I know I've inherited my attitude to party catering from my mother who, in turn, inherited it from my Gran.  My Gran lived on a farm for a lot of her life, so she was used to catering for big, hungry farm-men.  This would be pre-mechanisation, so the men were doing a lot of hard work and expected a big lunch and a big dinner.  Gran never did revise her portion sizes, even when most of the family no longer worked in demanding, manual labour jobs.  Plus, us grand-kids were always "growing boys/girls", so we usually got seconds and thirds.

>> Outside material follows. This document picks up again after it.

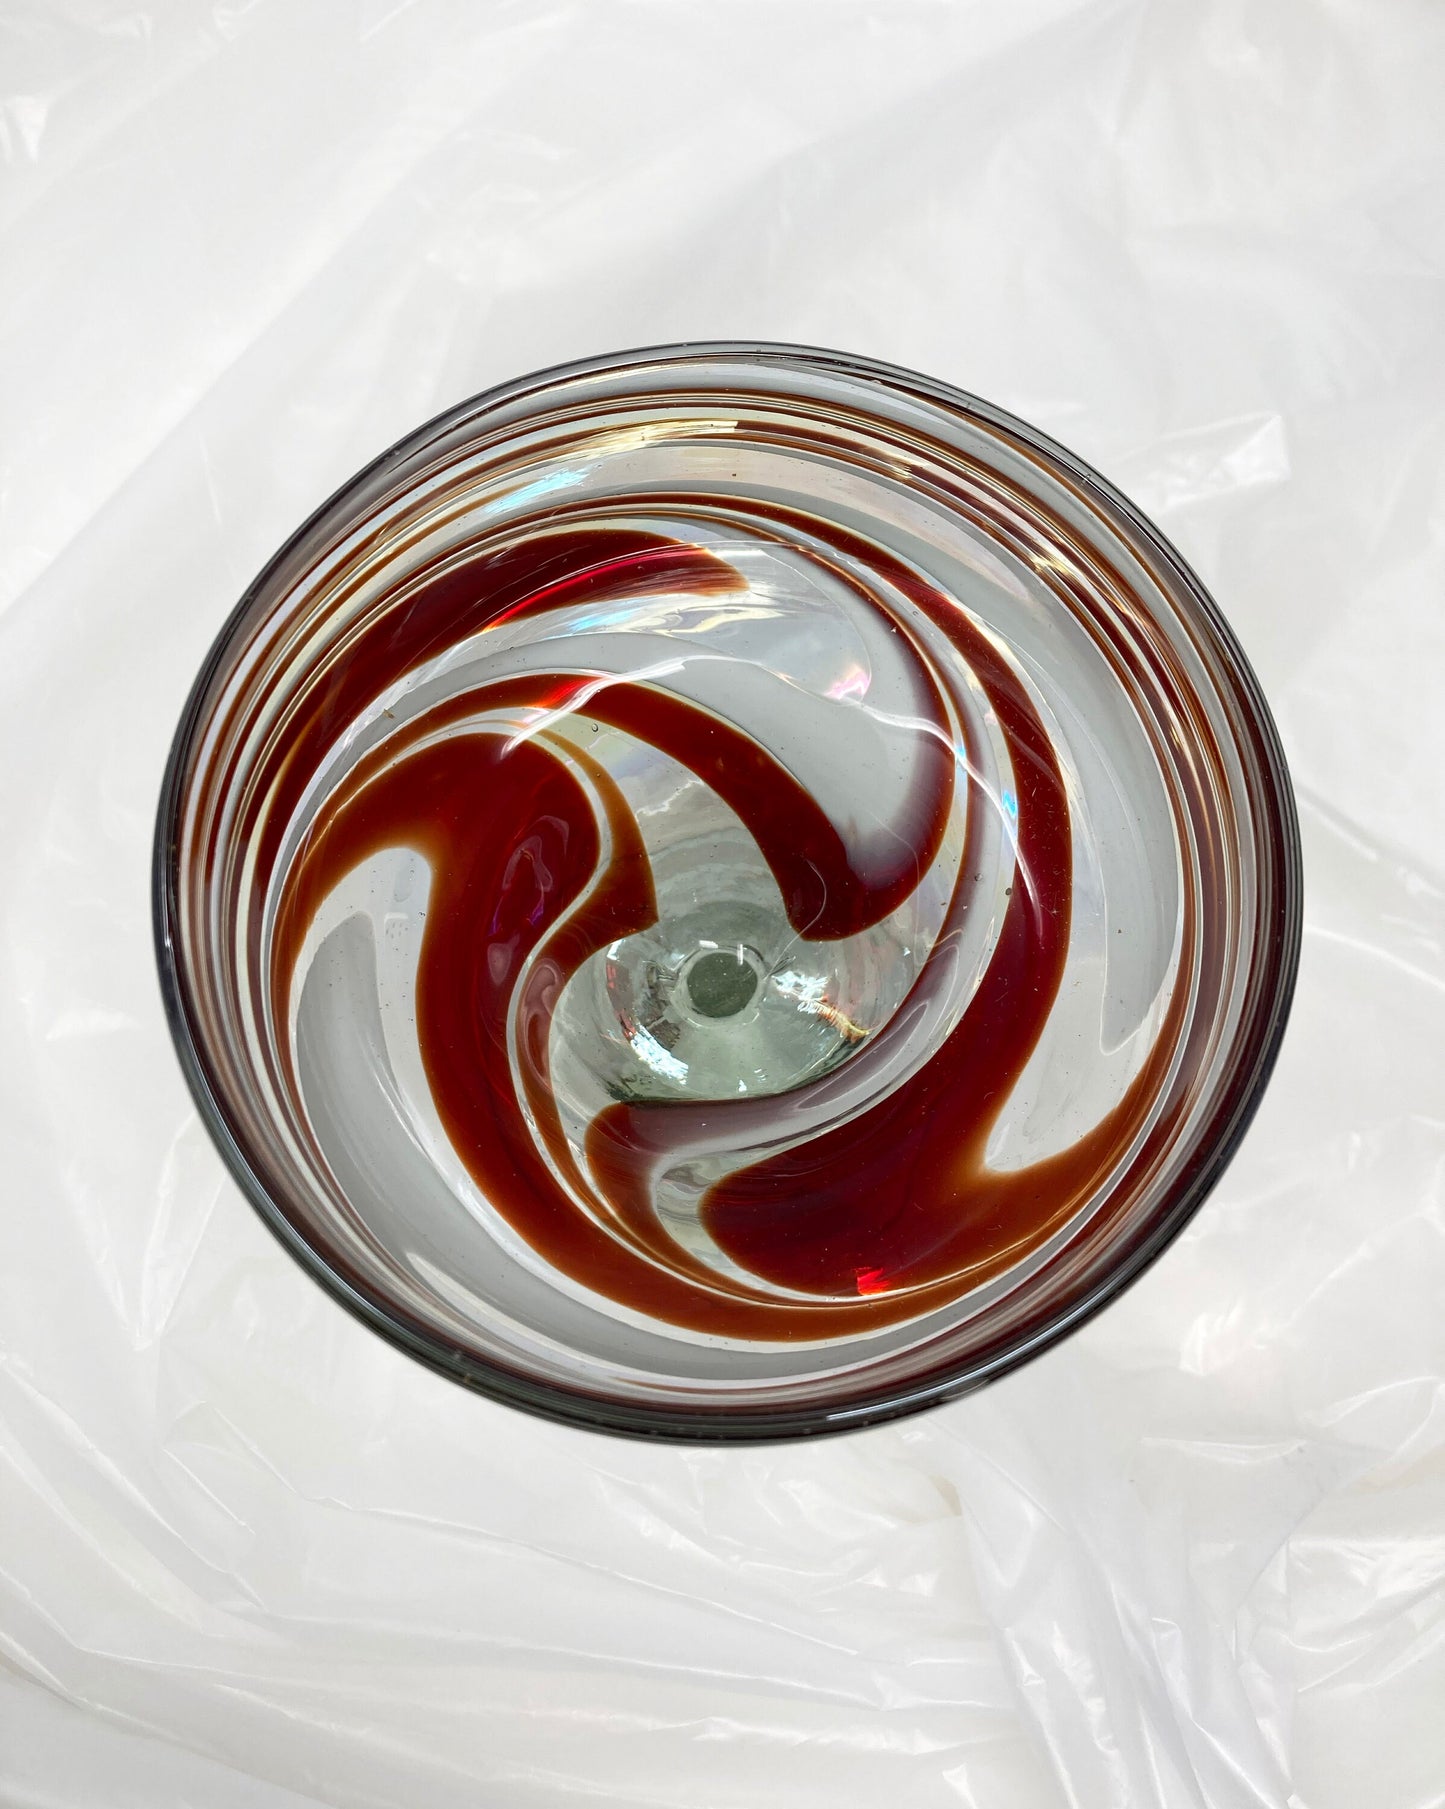 Hand Blown Margarita Glass - Red/White Iridescent Swirl

Hah! I was discussing with a friend of mine, that my DH appears to be genetically incapable of cooking for less than 6 people. She mentioned that she had been taught how to cook by her mother, who had been taught to cook by *her* mother (one of 12 kids), who had been taught by *her* mother (one of 15 kids, along with farm hands). So, starting back and moving forward: Great Great Grandma was cooking for 27 people. She taught her daughters, one of whom managed to trim down enough to cook for only 14 people,  Great Grandma taught her daughter who managed to trim down to only cooking for 10 people, etc. My friend felt that in another generation they'd be down to cooking for a family that represented their own, as she was one of two kids and her mom had been one of three :).

My Dh is the youngest of 6 kids, three were boys. He was taught to cook by a Mom who was used to cooking for multiple teen boys. Now, we have my DH's older boys (15 and 16), and my DH (who is not a small man).

I'm occasionally bemused that my entire maternal side of the family is outnumbered by my DH and his siblings.